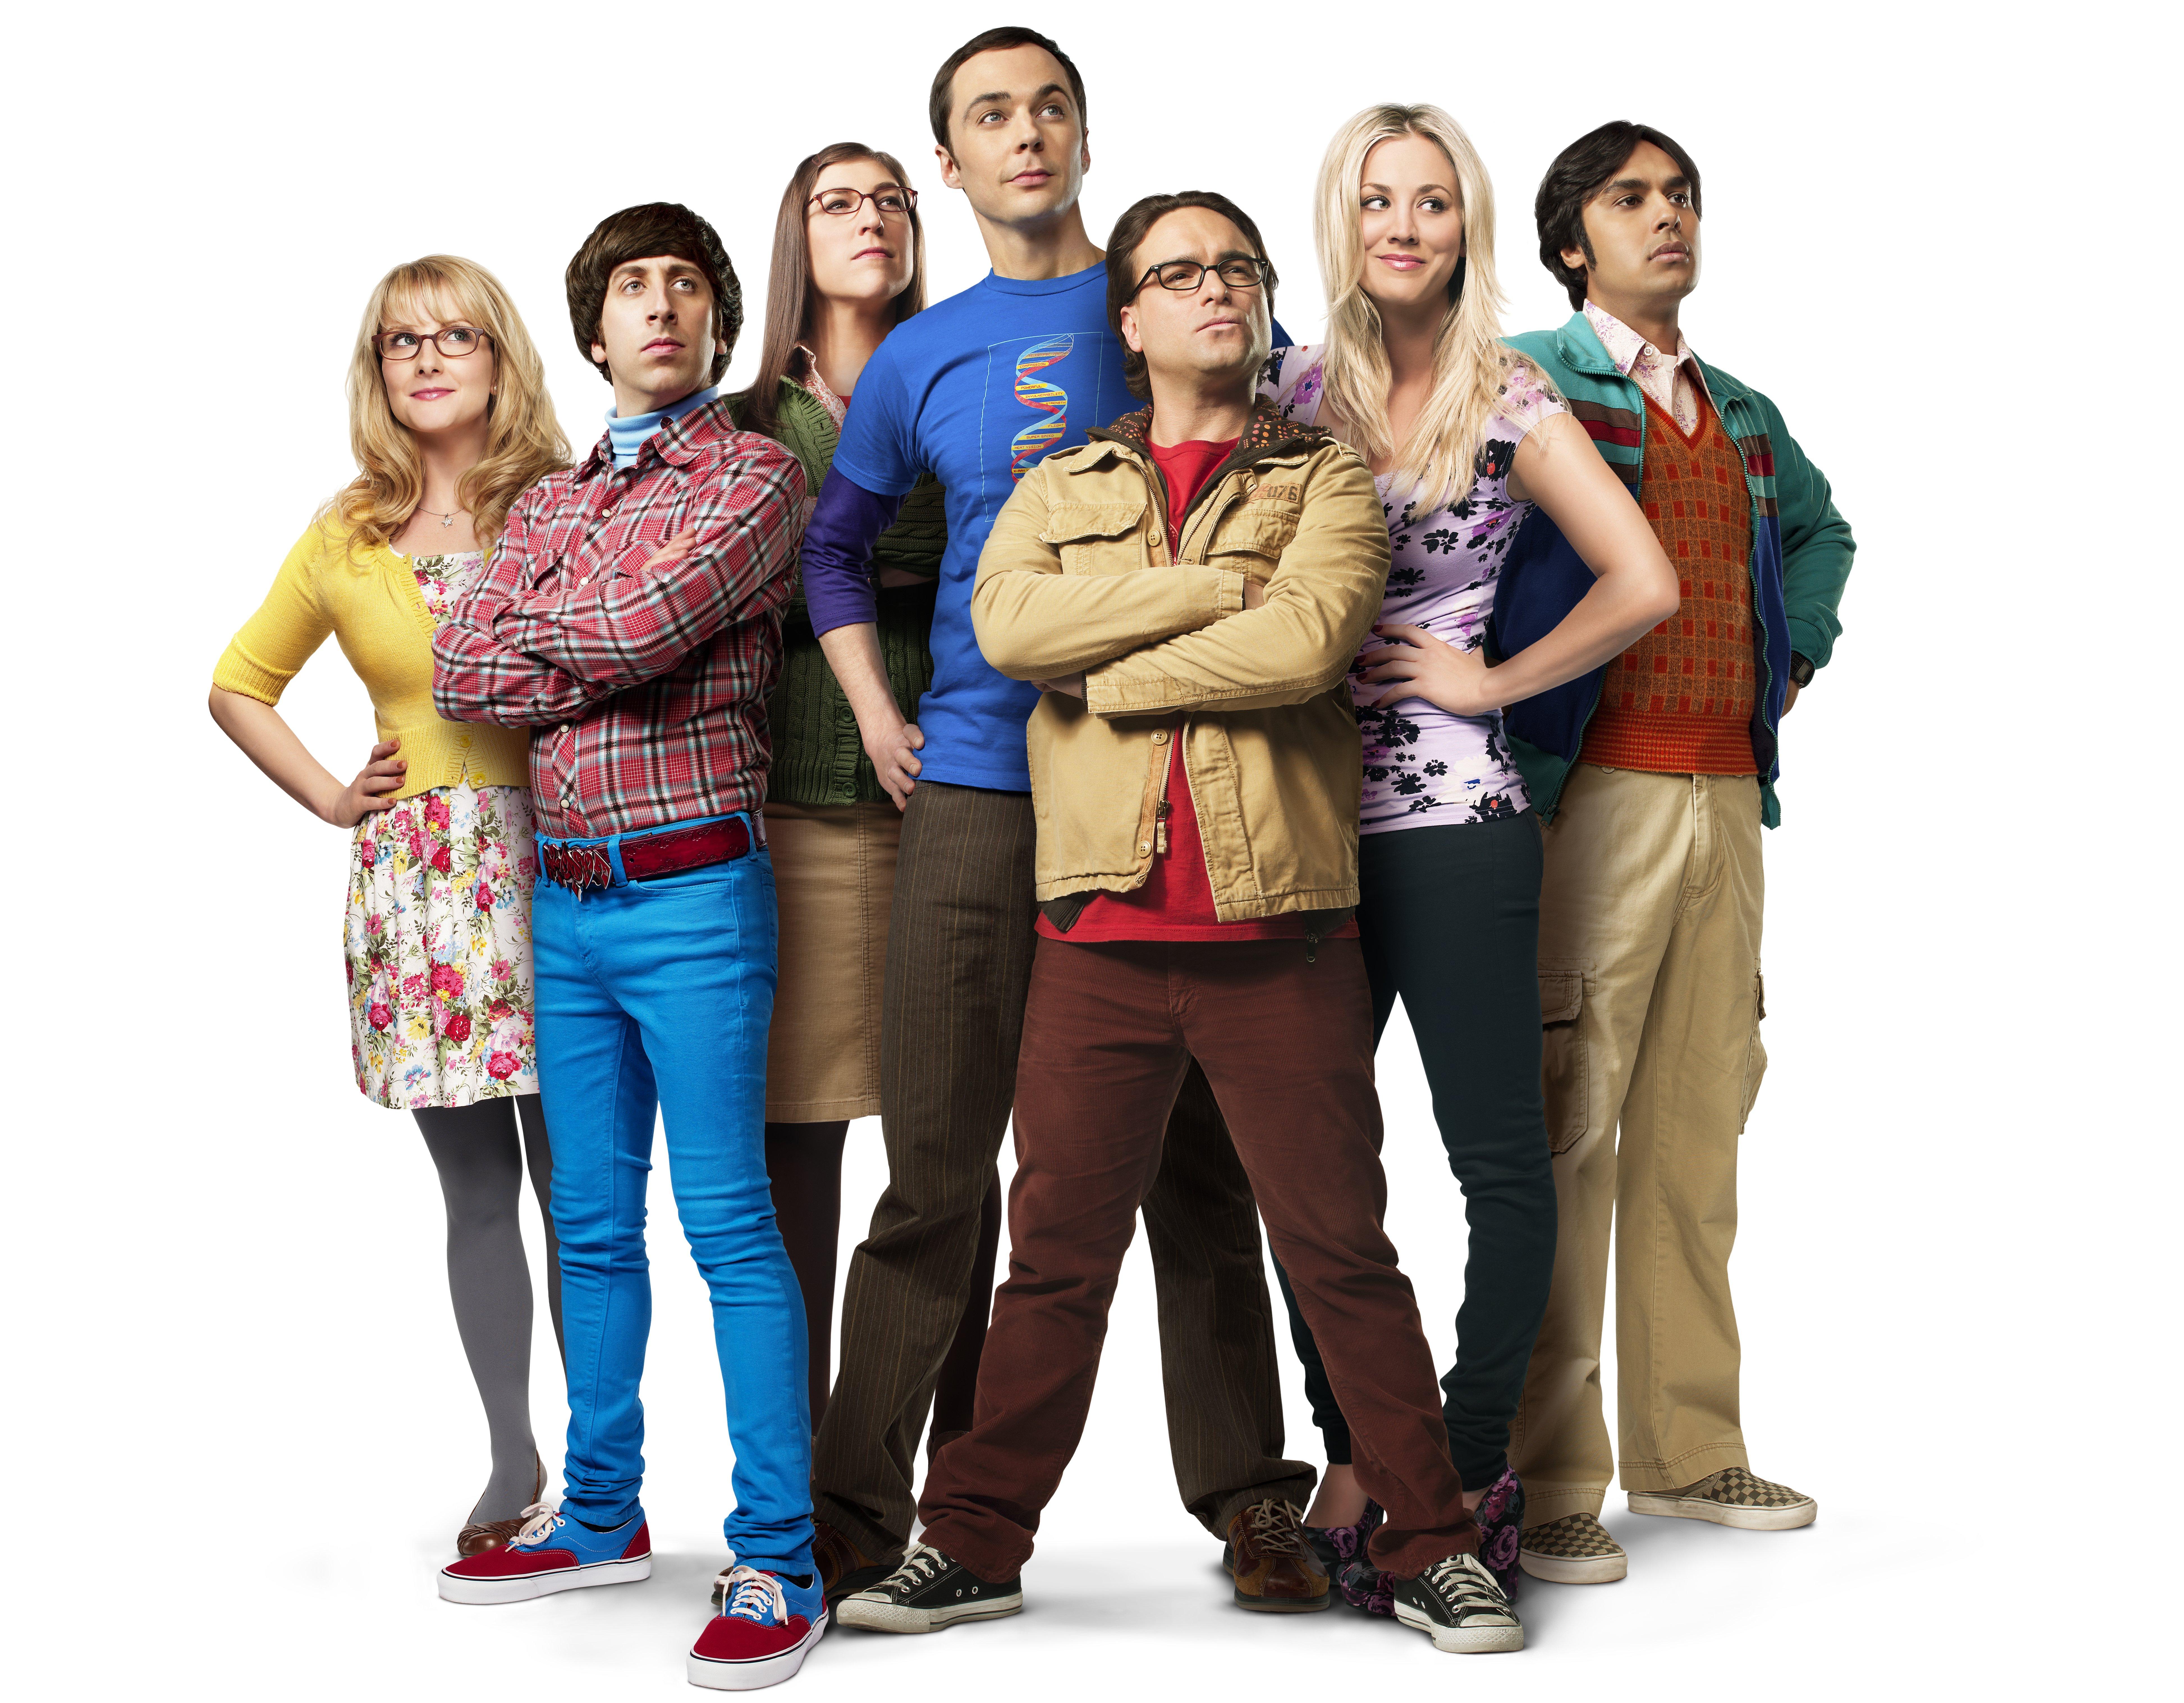 the big bang theory wallpaper  The Big Bang Theory wallpaper 10
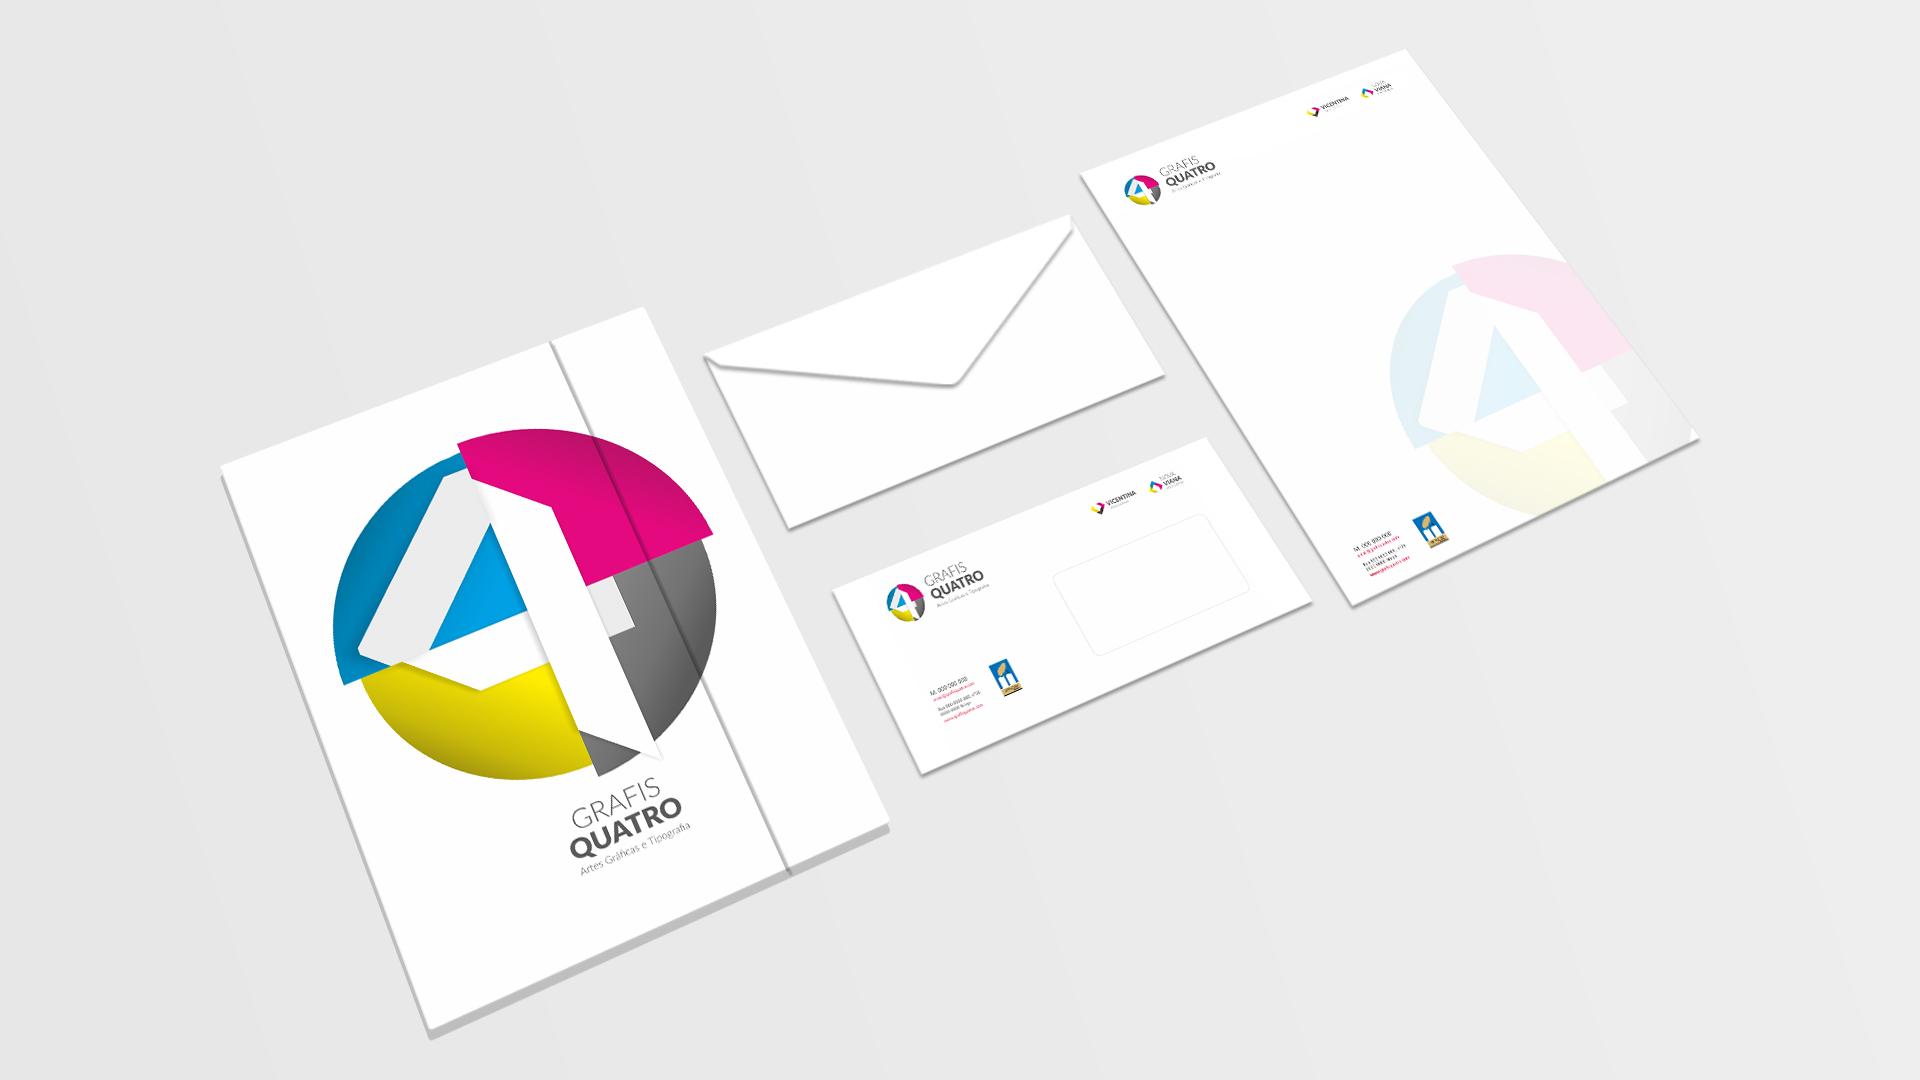 Grafisquatro-estacionário-design gráfico-publicidade
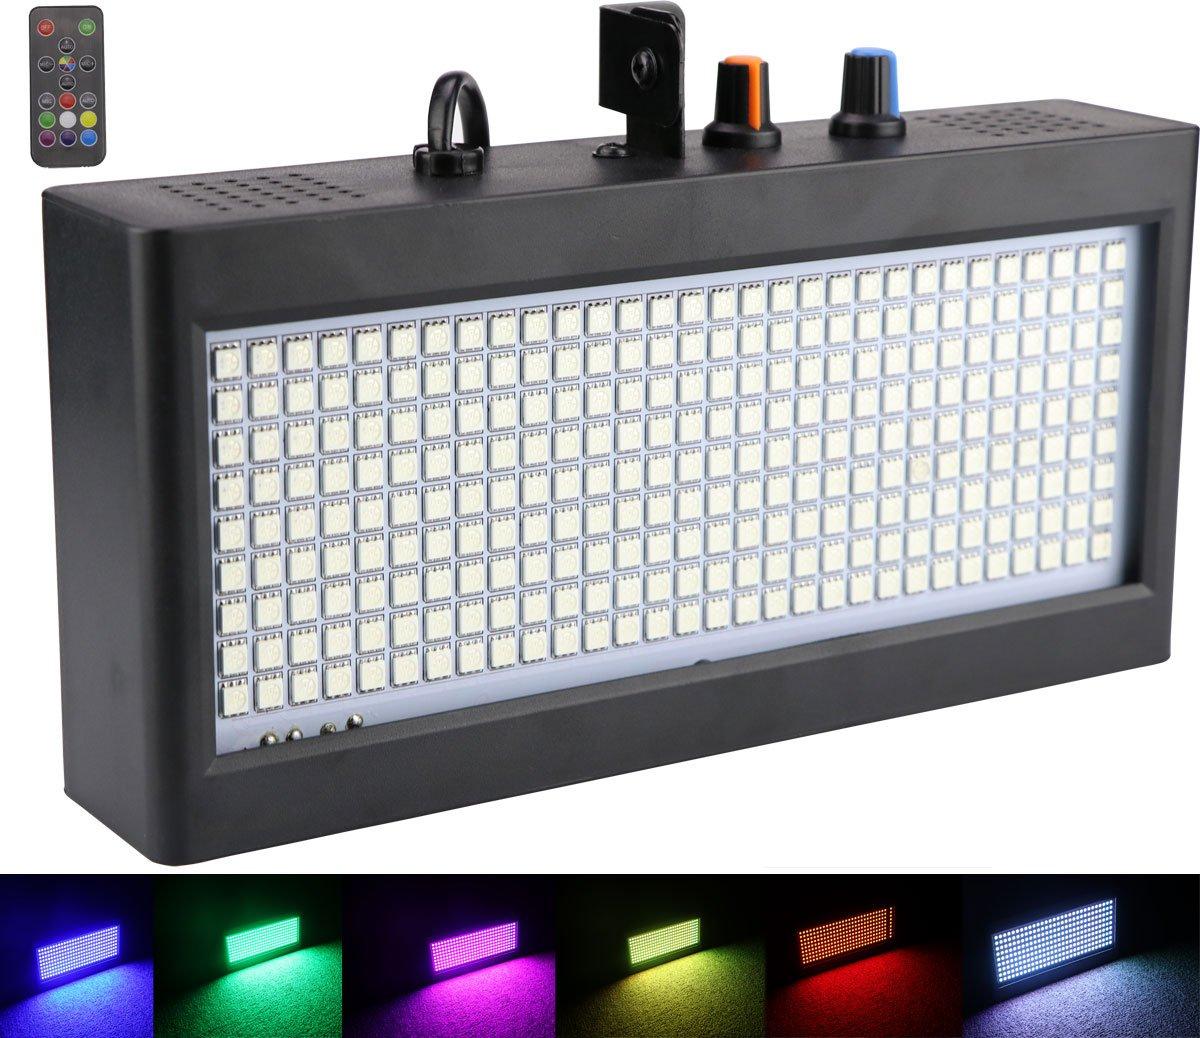 270 LED Strobe Lights Mini, Latta Alvor Stage Light for Parties DJ Lighting KTV Flashing 7 Colors Strobe Lights Romote control (color light) by Latta Alvor

● **Exercise description**: After removing the pictures, transcribe the listing above exactly.

● **Answer to the problem**:
 the big bang theory wallpaper  The Big Bang Theory wallpaper 10
 Grafisquatro-estacionário-design gráfico-publicidade
 270 LED Strobe Lights Mini, Latta Alvor Stage Light for Parties DJ Lighting KTV Flashing 7 Colors Strobe Lights Romote control (color light) by Latta Alvor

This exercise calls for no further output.